> **Available data**

··········

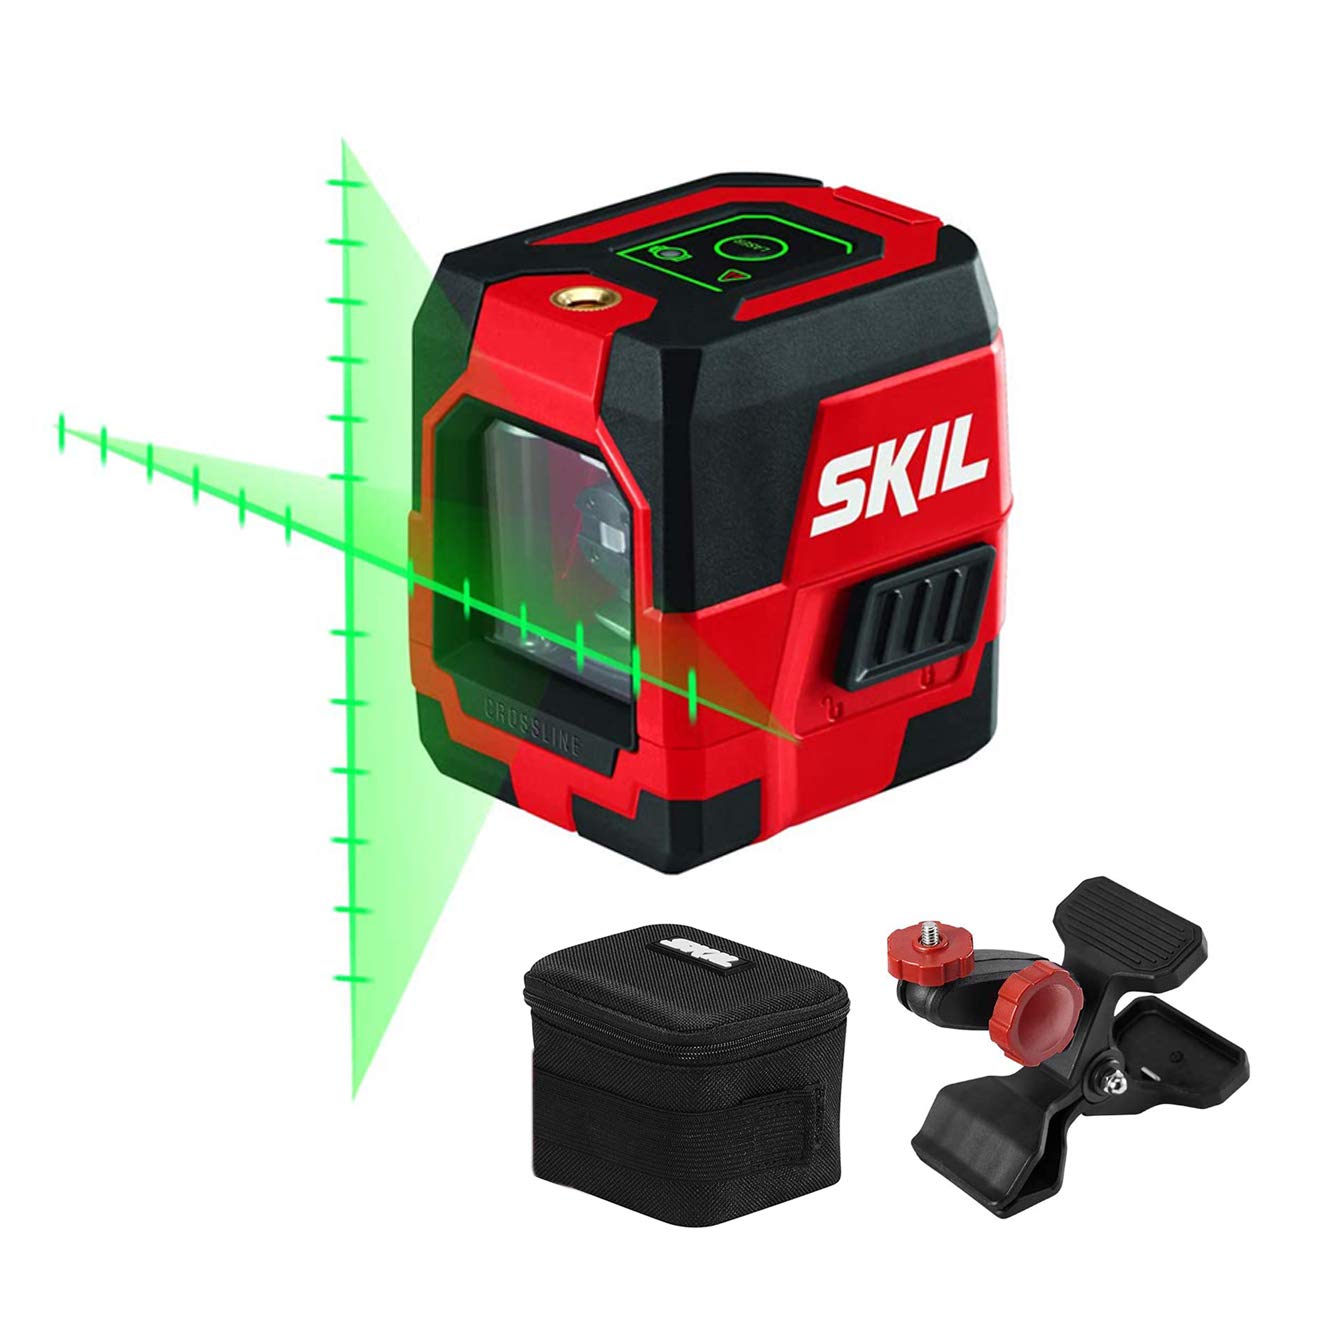 Skil 투사된 측정 표시가 있는 셀프 레벨링 녹십자 라인 레이저
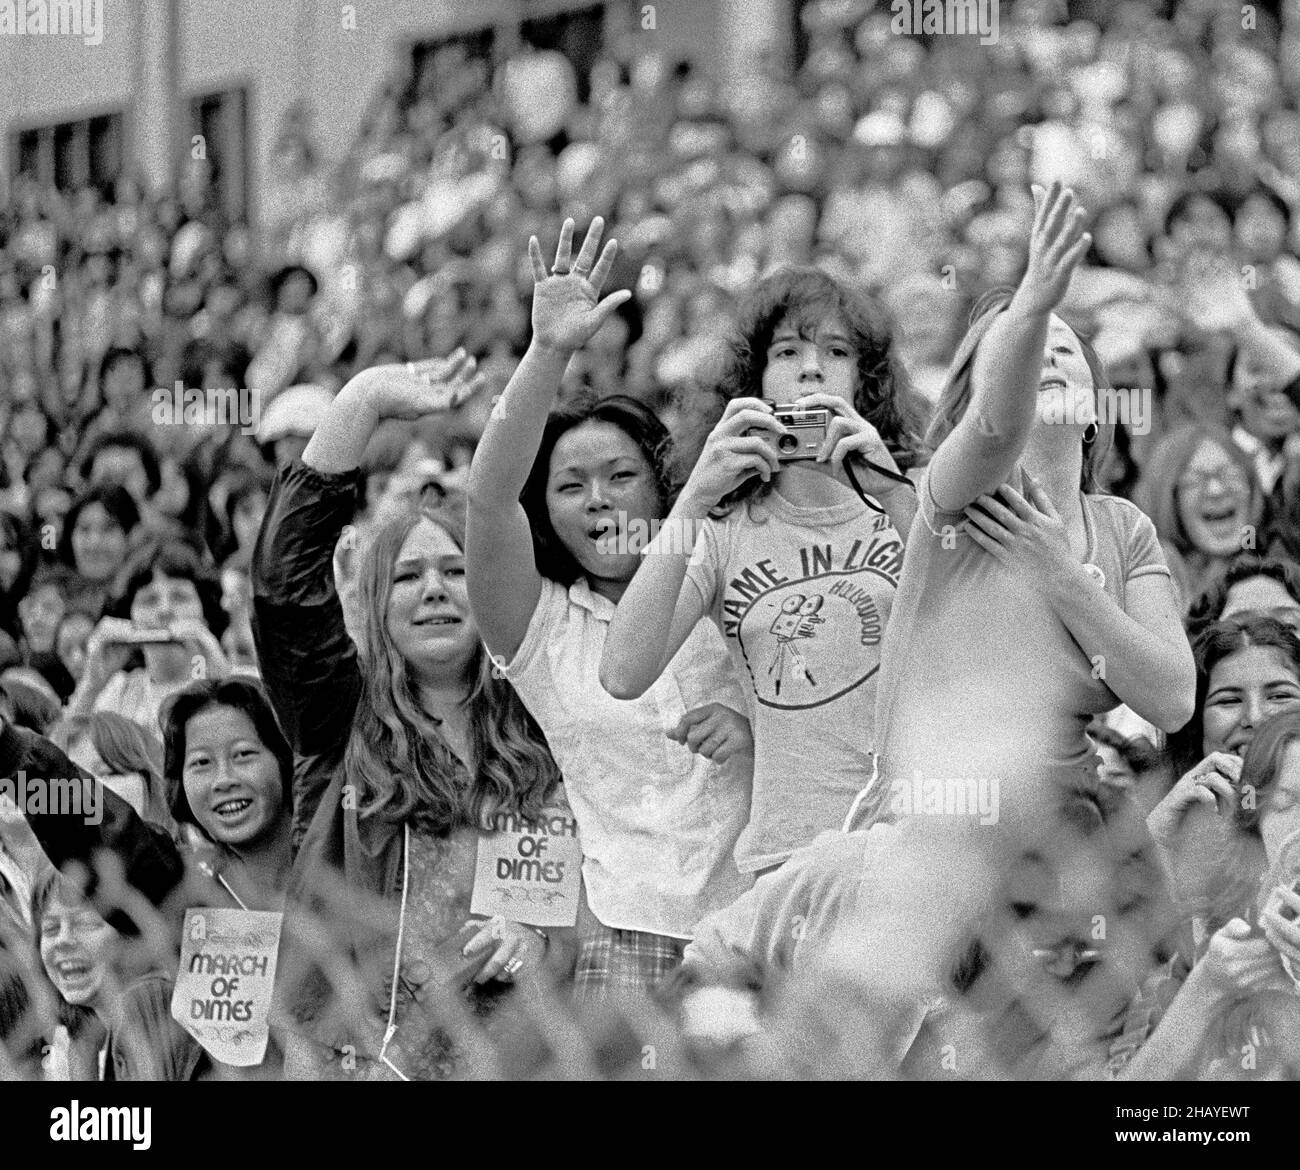 Les participants acclament Andy Gibb du groupe rock Bee Gees au stade Kezar lors de la marche annuelle March of Dimes Fundraiser Walkathon à San Francisco, Californie, 1978 Banque D'Images
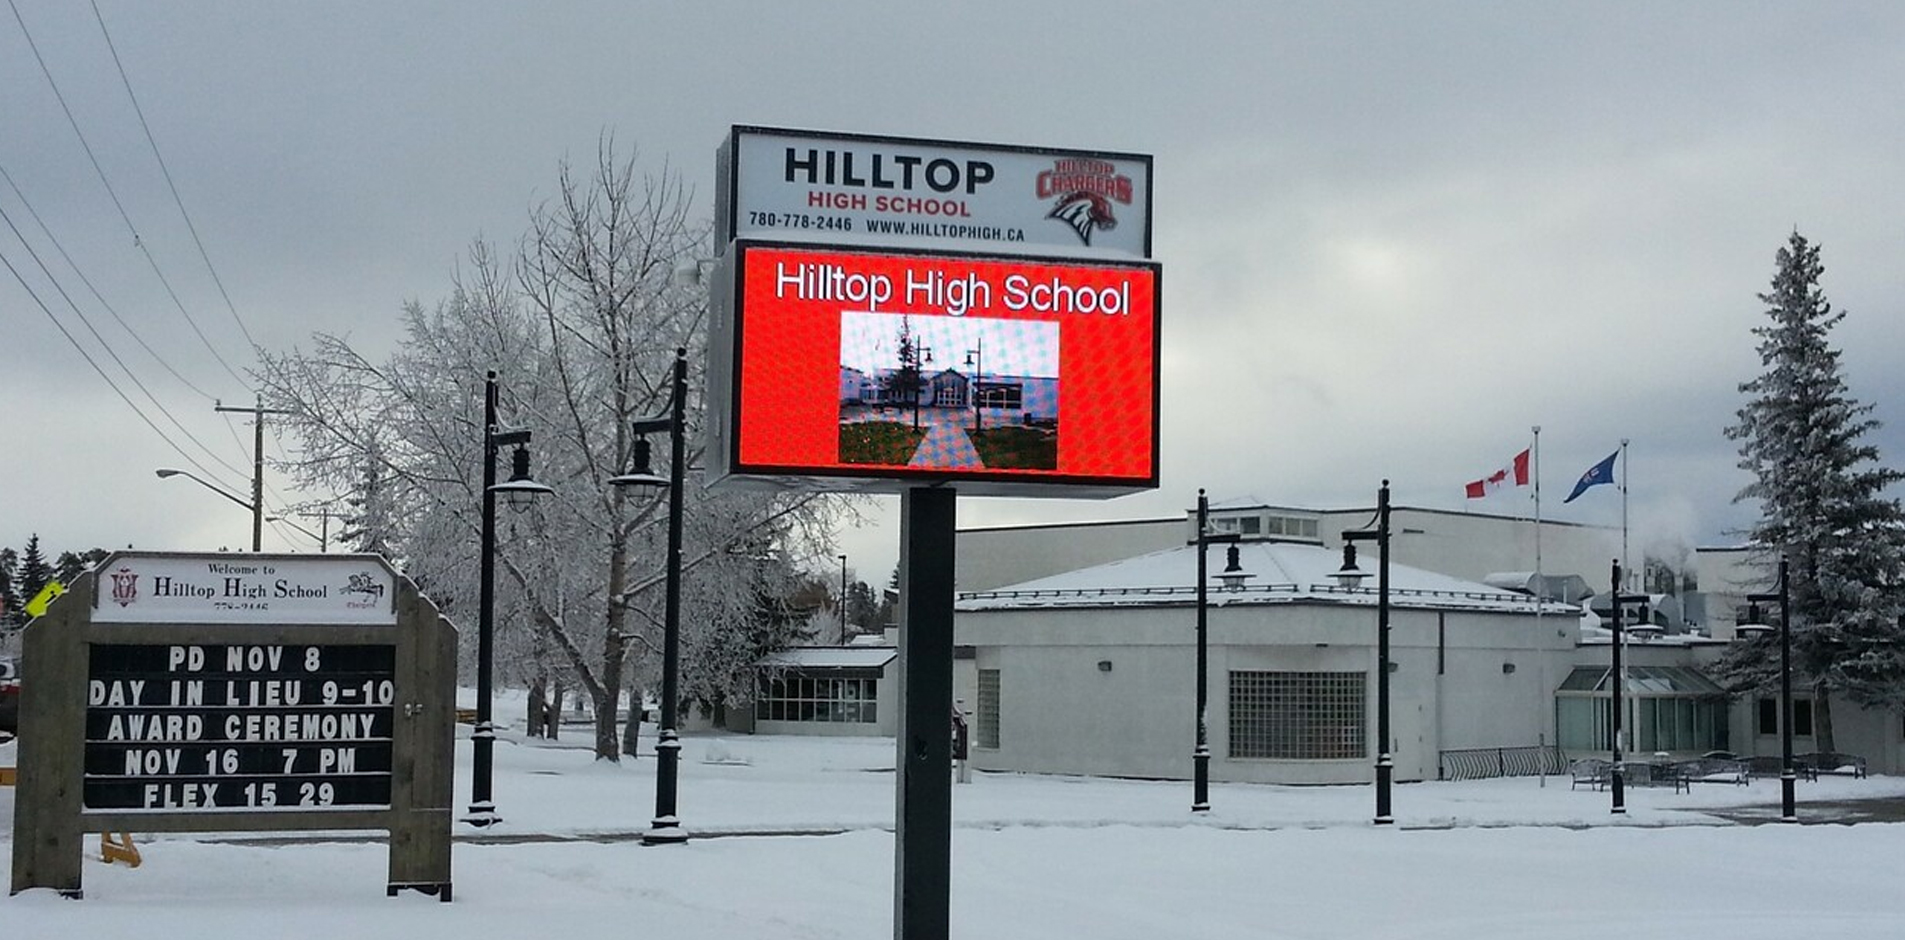 HILLTOP HIGH SCHOOL
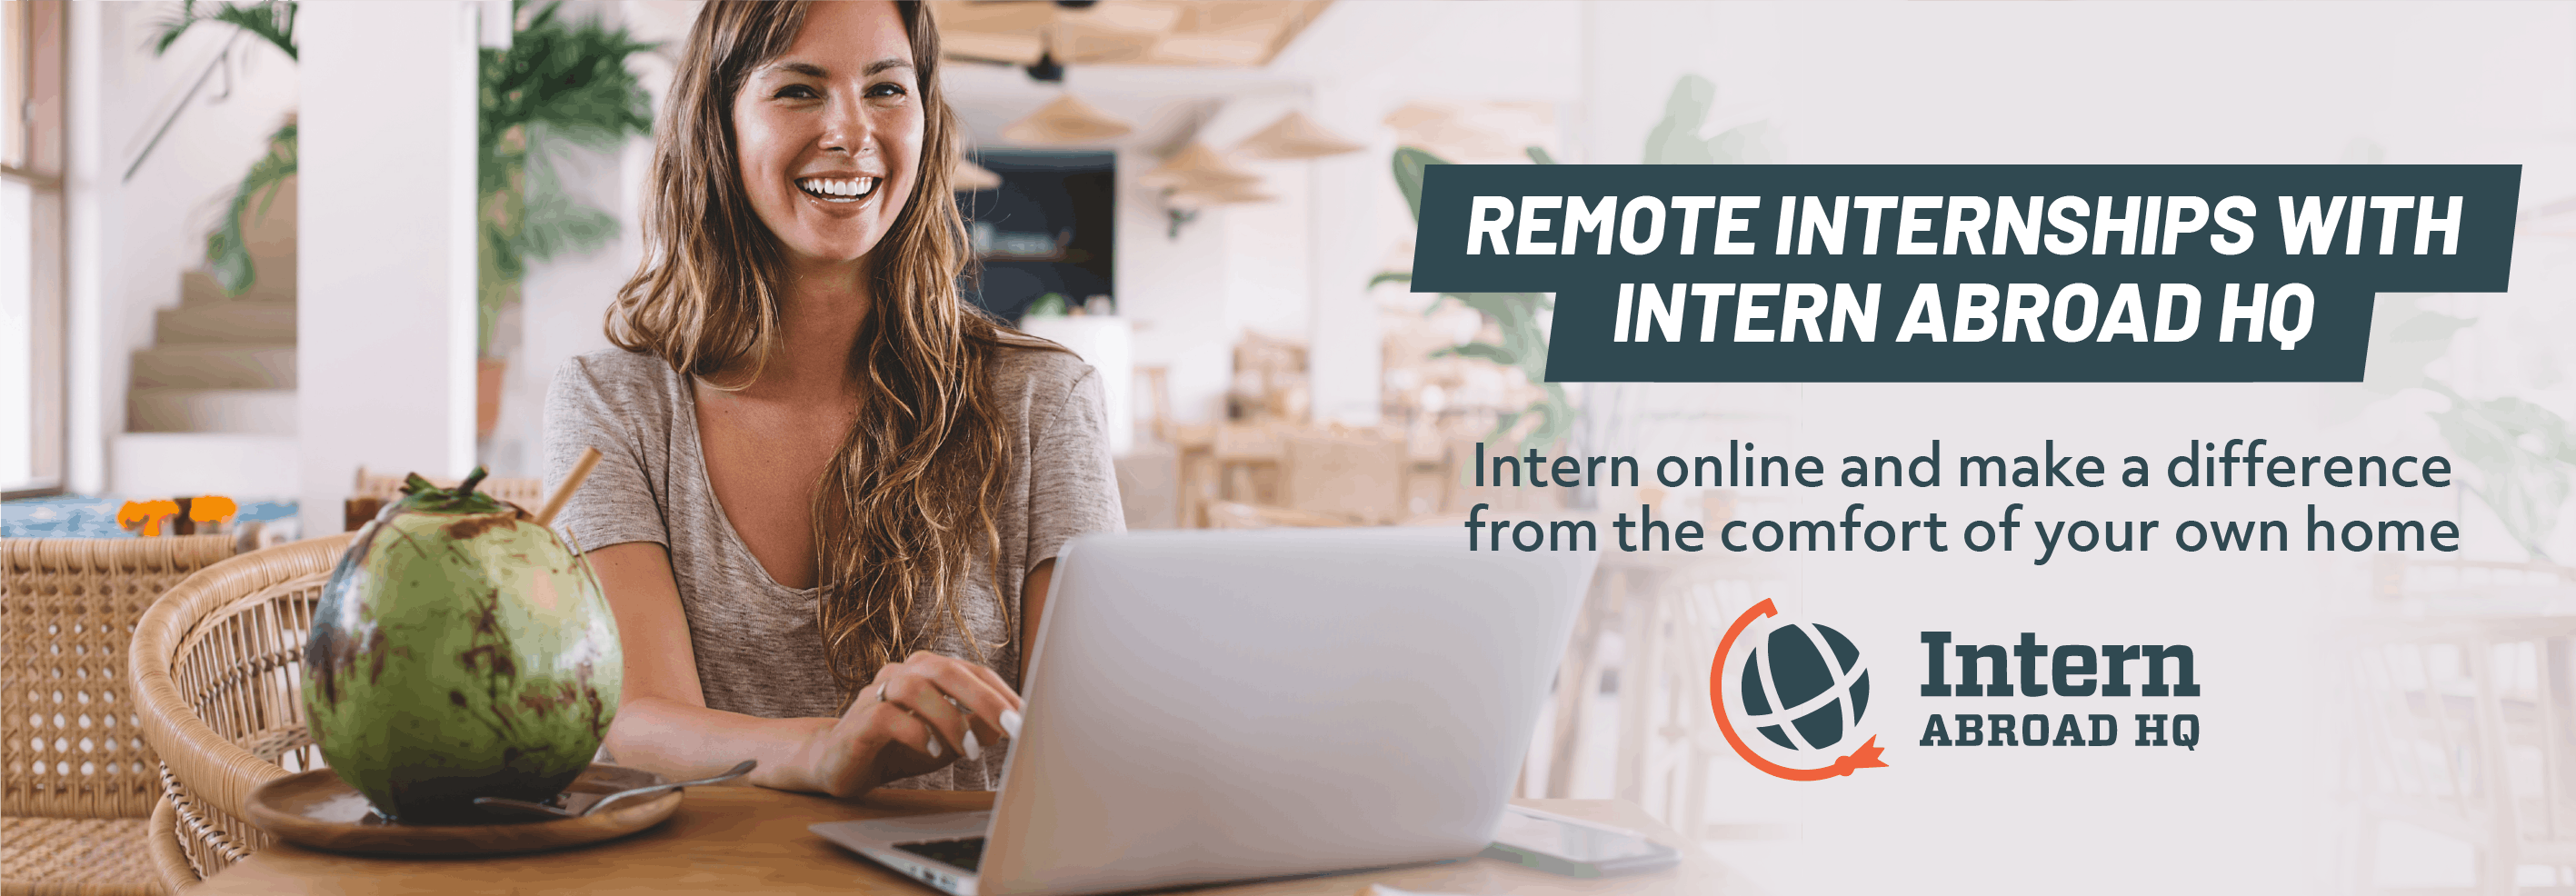 Remote Internships International Volunteer HQ

··········

> **Directions for this task**
Return the material from above in full, exactly as written, with the pictures omitted.

> **The completed task**
 Skil 투사된 측정 표시가 있는 셀프 레벨링 녹십자 라인 레이저
 Les participants acclament Andy Gibb du groupe rock Bee Gees au stade Kezar lors de la marche annuelle March of Dimes Fundraiser Walkathon à San Francisco, Californie, 1978 Banque D'Images
 HILLTOP HIGH SCHOOL
 Remote Internships International Volunteer HQ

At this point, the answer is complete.